The Claims Conference, or Conference on Jewish Material Claims Against Germany, said the 20,000 objects on record were taken from more than 200 private Jewish collections in German-occupied France and Belgium between 1940 and 1944.

A special Nazi task force gathered hundreds of thousands of art objects and millions of books and archives stolen from Jews and others, as well as from museums and libraries.

In Paris, the task force documented each of more than 20,000 objects on index cards or inventory lists.

The Claims Conference estimates the total number of Nazi-looted artworks at 650,000, of which 100-200,000 are still missing.

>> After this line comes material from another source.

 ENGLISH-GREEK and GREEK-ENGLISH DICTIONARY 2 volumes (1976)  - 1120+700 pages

It aims to follow up its new free online resource with a similar initiative in Ukraine.

The issue of restitution of Nazi-looted art is still a sensitive one, not least because of the high value of some of the works in question.

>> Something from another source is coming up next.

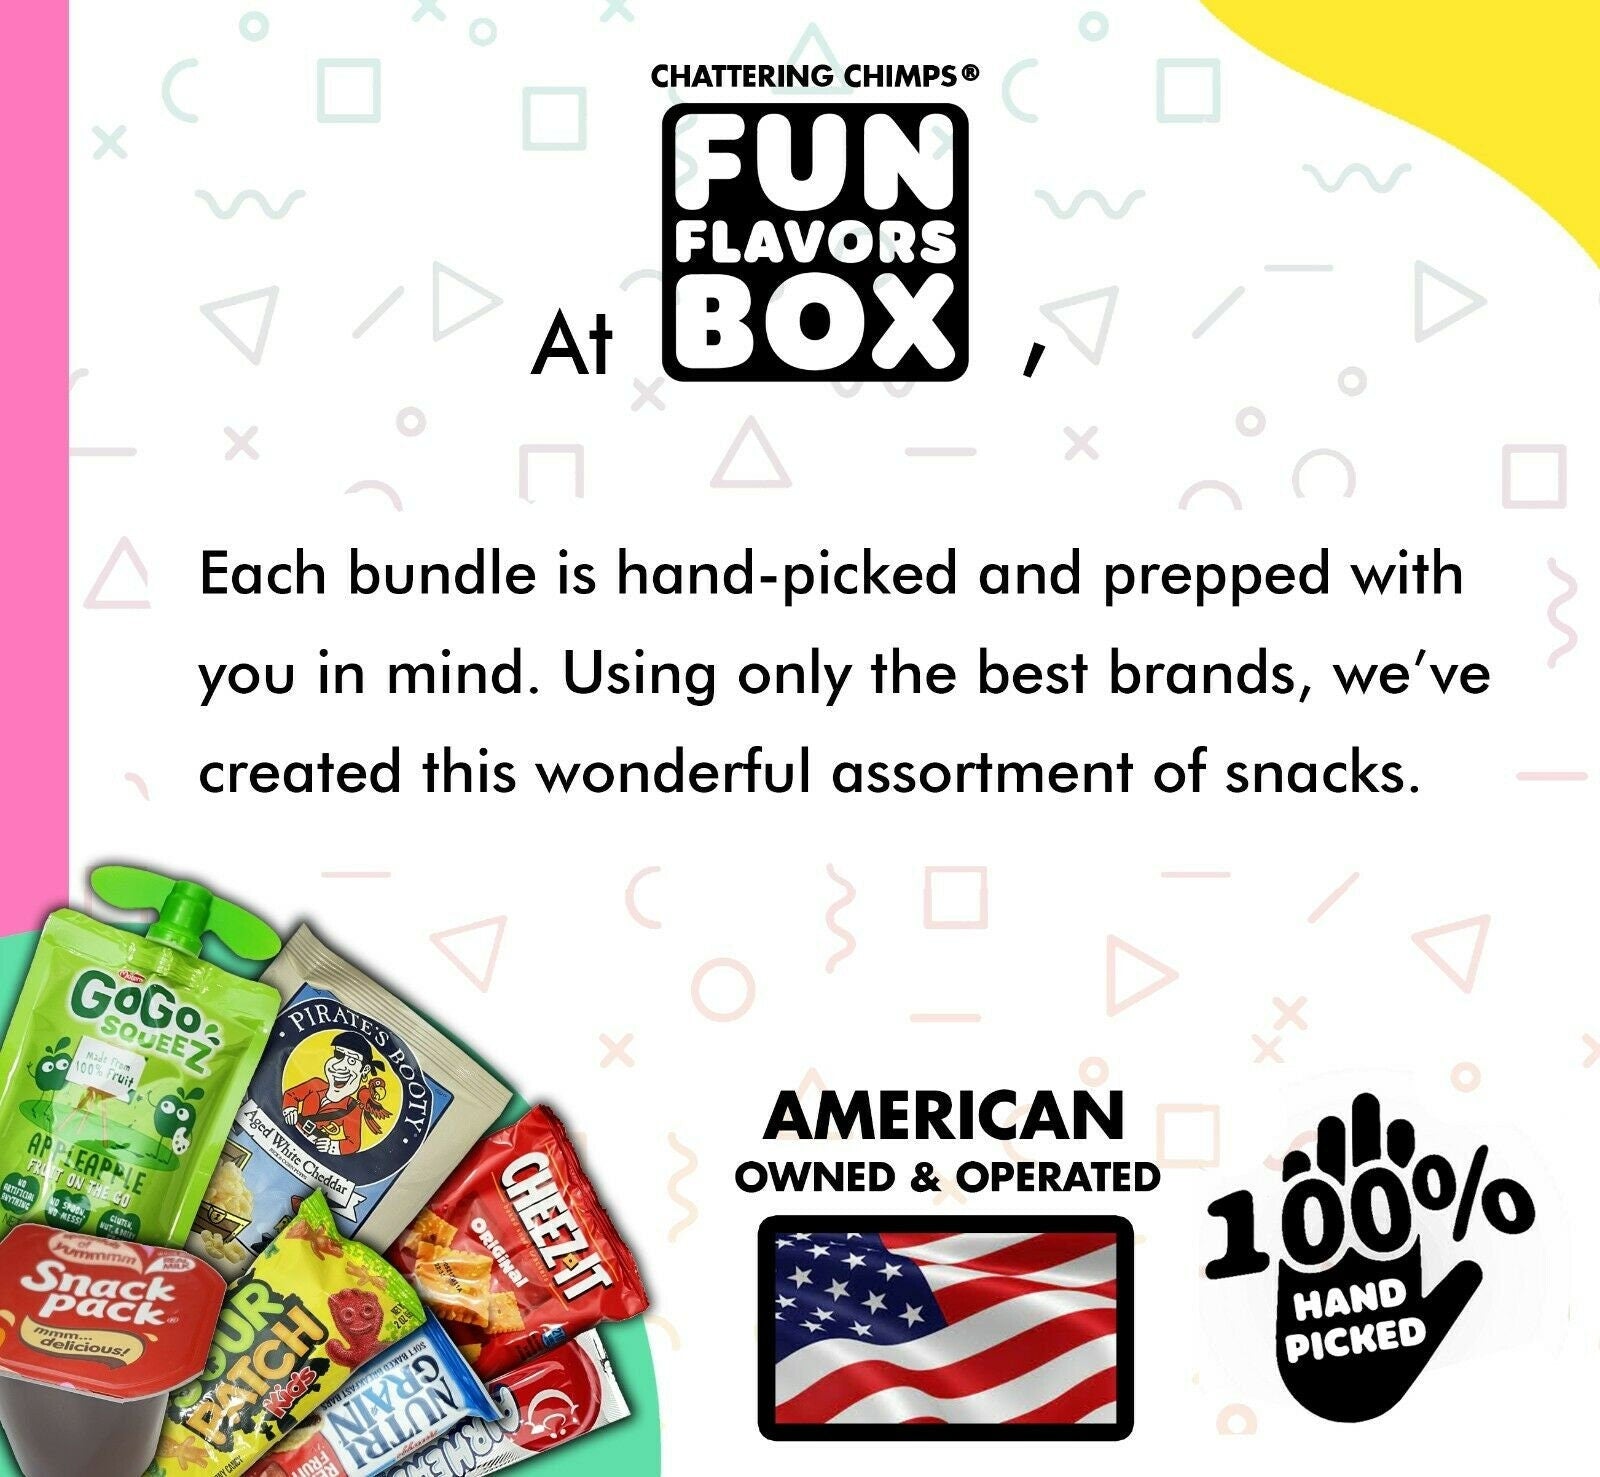 At Fun Flavors Box each bundle is hand picked and prepped.  We use only the best brands to create this wonderful snack assortment.  American owned and operated.

In 2006, Ronald S. Lauder paid a reported $135 million for a Klimt portrait of Adele Bloch-Bauer, whose niece was awarded the work and four others following a restitution battle with the Austrian government.

The deal was brokered by Christie's, which went on to auction the remaining four works for a combined $192.7 million.

In 2008, Sotheby's sold restituted or settled works worth $90 million, including a $60 million Kazimir Malevich returned to the artist's heirs after a museum in Amsterdam was forced to hand it over.